RCP4.5 shows the highest magnitude of decrease specifically under 1989-2018 baseline period. This singular decrease is the highest for the whole three basins put together. Table 2 trend analysis of dry season water yield over KYB reveals significant decreasing trend at 0.05 significant levels for medium emission pathway but not for low and high emission trajectories.
During the long-term projections (2079-2100), dry season water yield over KLB experience increasing trend for RCP2.6 up to (+0.2 mm/day) but not significant. However, RCPs 4.5 and RCP8.5 continues with a decreasing trend under the two baselines with a range of (-0.05 to 0.2 mm/day) which were found significant for RCP8.5 but not for RCP4.5. In SRB the dry season water yield experiences decreasing pattern for all the three RCPs except RCP2.6 with slight increase of just (+0.02 mm/day). However, the range of decrease is within the range of (-0.1 to -0.3 mm/day) for RCPs 4.5 and 8.5. The (-0.3 mm/day) decreasing pattern is the highest observed for RCP8.5 in the whole basins such that Mann Kendal trend analysis confirms significant decreasing trend at 0.05 significant levels. As for KYB, decreasing trend is also noticed for the three RCPs but only significant for highest emission pathways. Regional trend analysis of the three basins as a whole confirms that Guinea and Sudano-Sahelian ecological zones of Nigeria will experience decreasing dry season water yield from the near-term (2019-2048), mid-term (2049-2078) and long-term (2079-2100) with reference to 1959-1988 and 1989-2018 baselines. In Table 2 it is observed that the decreasing dry season water yield were only significant for RCP8.5 but not under middle and low emission trajectories.
3.2. Projected Changes in Wet Season Water Yield
Wet season water yield over KLB, SRB and KYB that collectively refer to the Guinea and Sudano-Sahelian ecological zones are shown on Figure 3a-c. Wet season water yield were projected for near, mid and long-term with reference to 1959-1988 and 1989-2018 baselines.

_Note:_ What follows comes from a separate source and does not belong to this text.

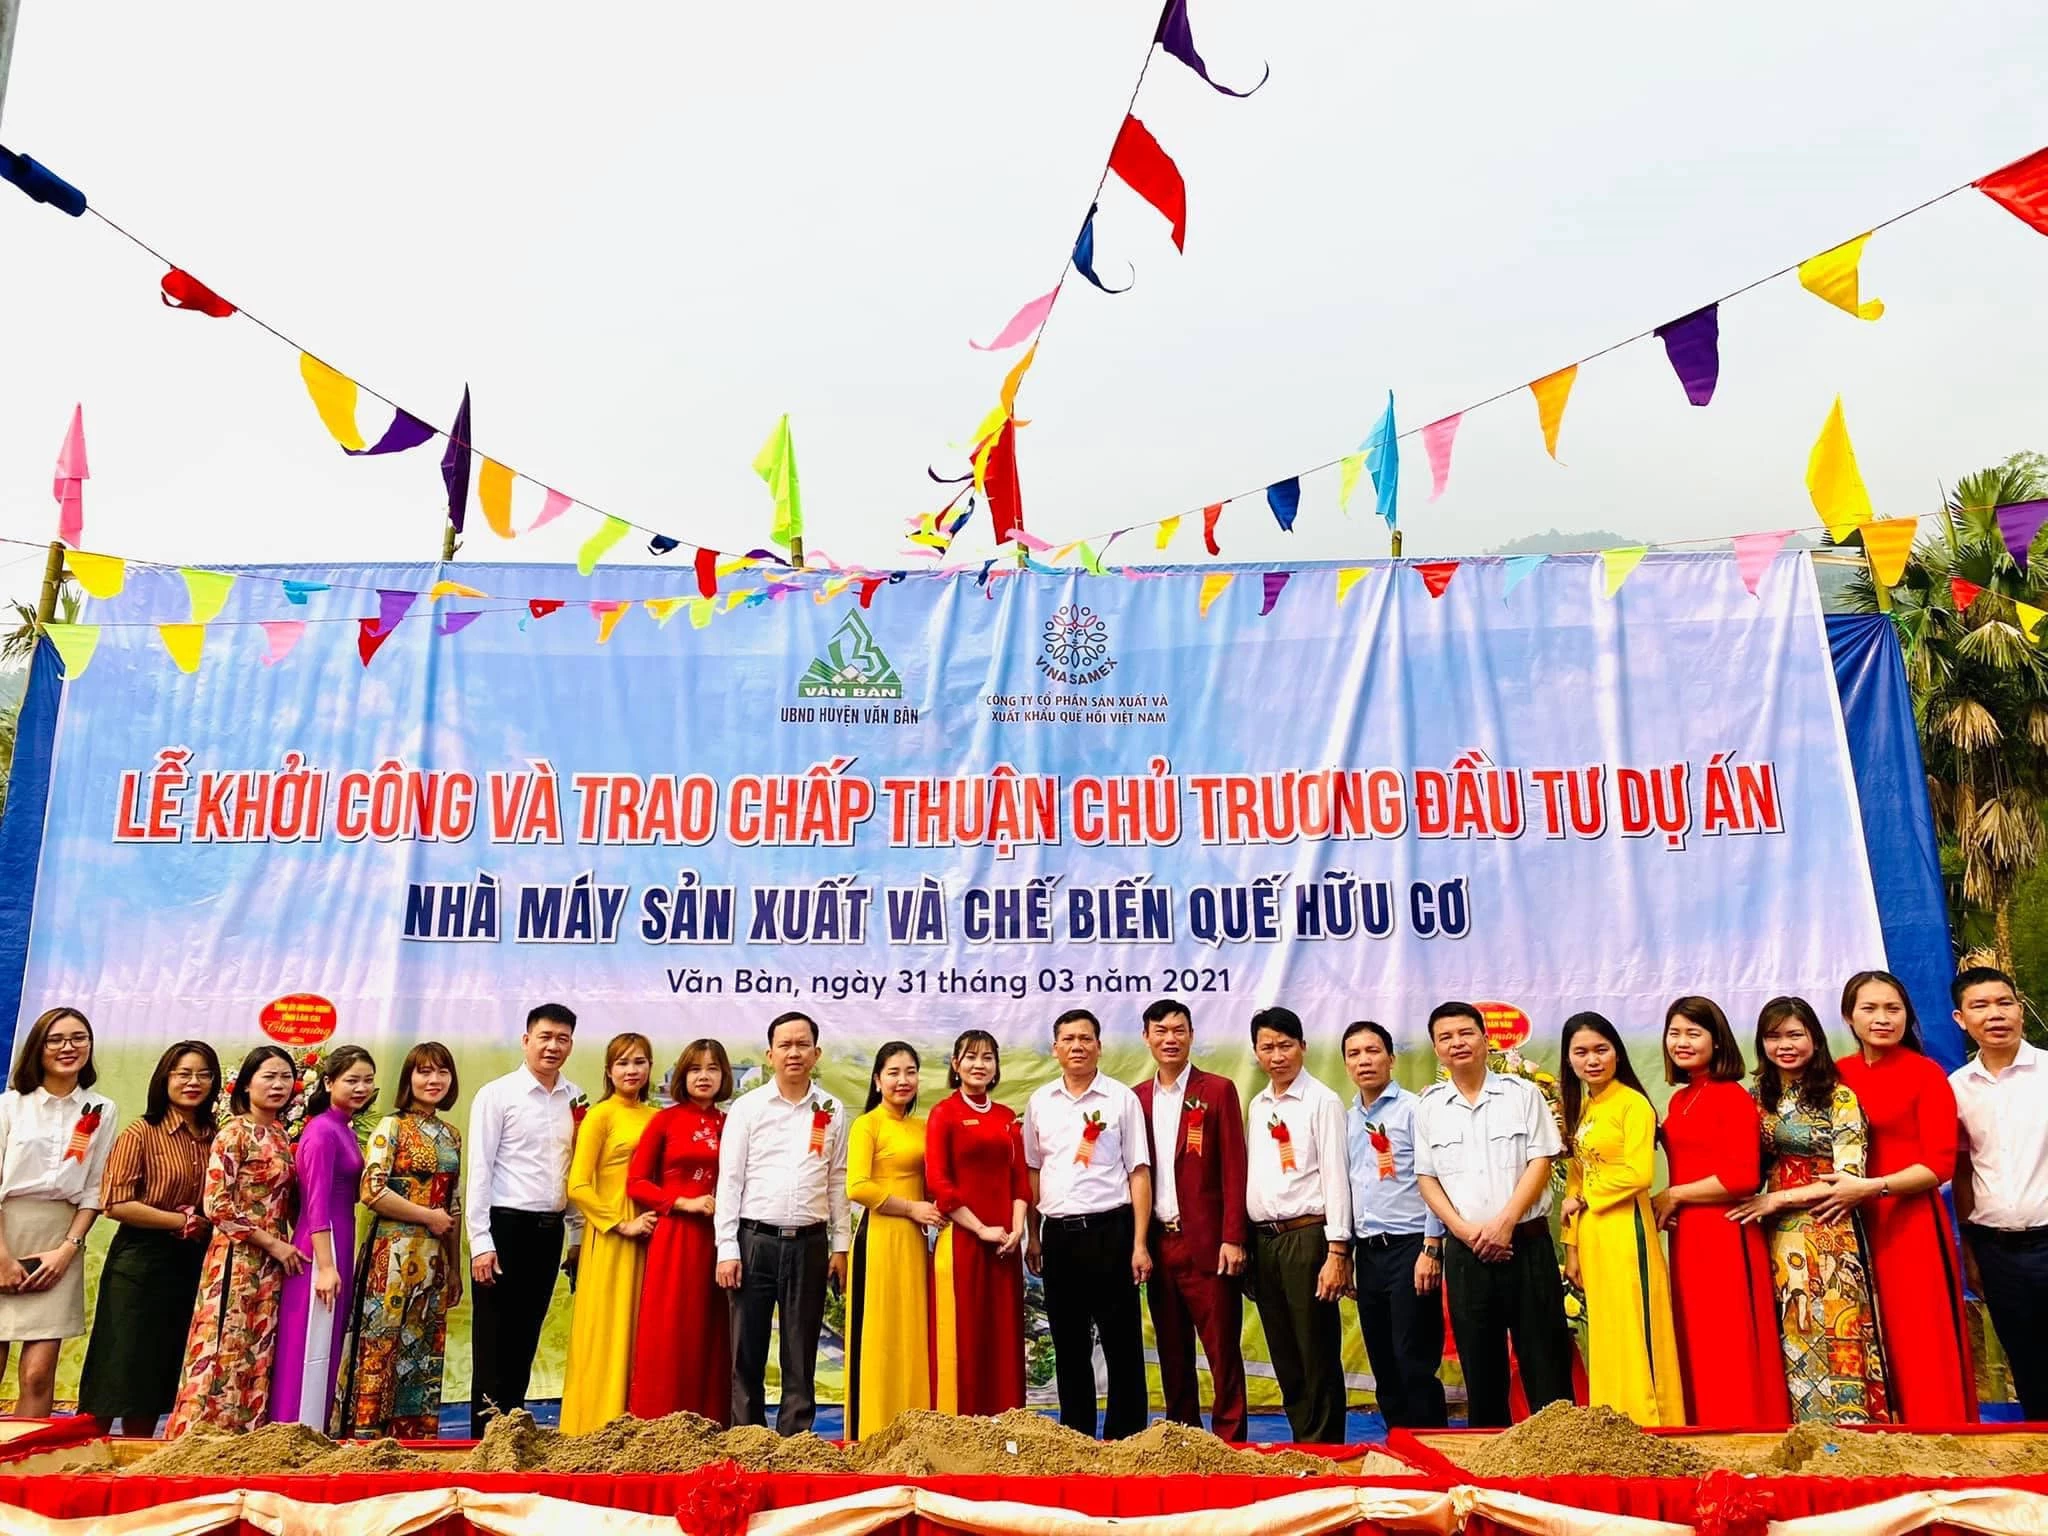 Nhà máy chế biến tại Văn Bàn, Lào Cai sẽ mang đến nhiều cơ hội việc làm cho người dân địa phương

Figure-3a. Projected changes in wet season water yield for KLB.
Figure-3b. Projected changes in wet season water yield for SRB.
Figure-3c. Projected changes in wet season water yield for KYB.
Near-term projection (2019-2048) period at KLB, wet season water yield will increase within the range of (+0.1 to +0.2 mm/day) for all the three RCPs under the two baseline periods of (1959-1988) and (1989-2018). RCP2.6 accounts for the highest increase of (+0.15 mm/day) and lowest being RCP4.5 and RCP8.5 with (+0.1 mm/day) under the 1959-1988 baseline, while a contrasting pattern of increase is observed under 1989-2018 baseline where RCPs 2.6 and 8.5 account for the highest with (+0.2 mm/day) and lowest been RCP4.5 Figure 3a. Trend analysis of wet season water yield within the 2019-2048 periods over KLB indicates that it is not significant at 0.05 significant levels for all the three RCPs Table 2. SRB wet season water yield reveals that the range of increase is between (+0.1mm to +0.3 mm/day) for all the three RCPs under 1959-1988 and 1989-2018 baselines. RCP8.5 accounts for the highest under the two baselines with (+0.3 mm/day) each, while RCP4.5 accounts for the lowest Figure 3b. Trend analysis of wet season water yield in SRB under the 2019-2048 periods shows significant increasing trend at 0.05 significant levels for scenarios (RCP2.6 and RCP8.5) but non-significant for medium emission scenario (RCP4.5) see Table 2. Similarly, condition over KYB reveals lower magnitude of increase compared to SRB at this period. Figure 3c shows (+0.1 to +0.2 mm/day) range of increase under the 1959-1988 baseline for all the RCPs, but sharply decreases to the range of (+0.05 to +0.1 mm/day) under 1989-2018 baseline with RCP8.5 having the highest value and least being RCP2.6. It is important to point out that the range of increase under 1989-2018 baseline is the same for KLB and KYB but differ greatly with SRB. However, the trend analysis of wet season water yield over KYB under the (2019-2048) period shows that there is significant increasing trend for RCP2.6 under 1959-1988 baseline but not under 1989-2018 baseline as well as for other two RCPs.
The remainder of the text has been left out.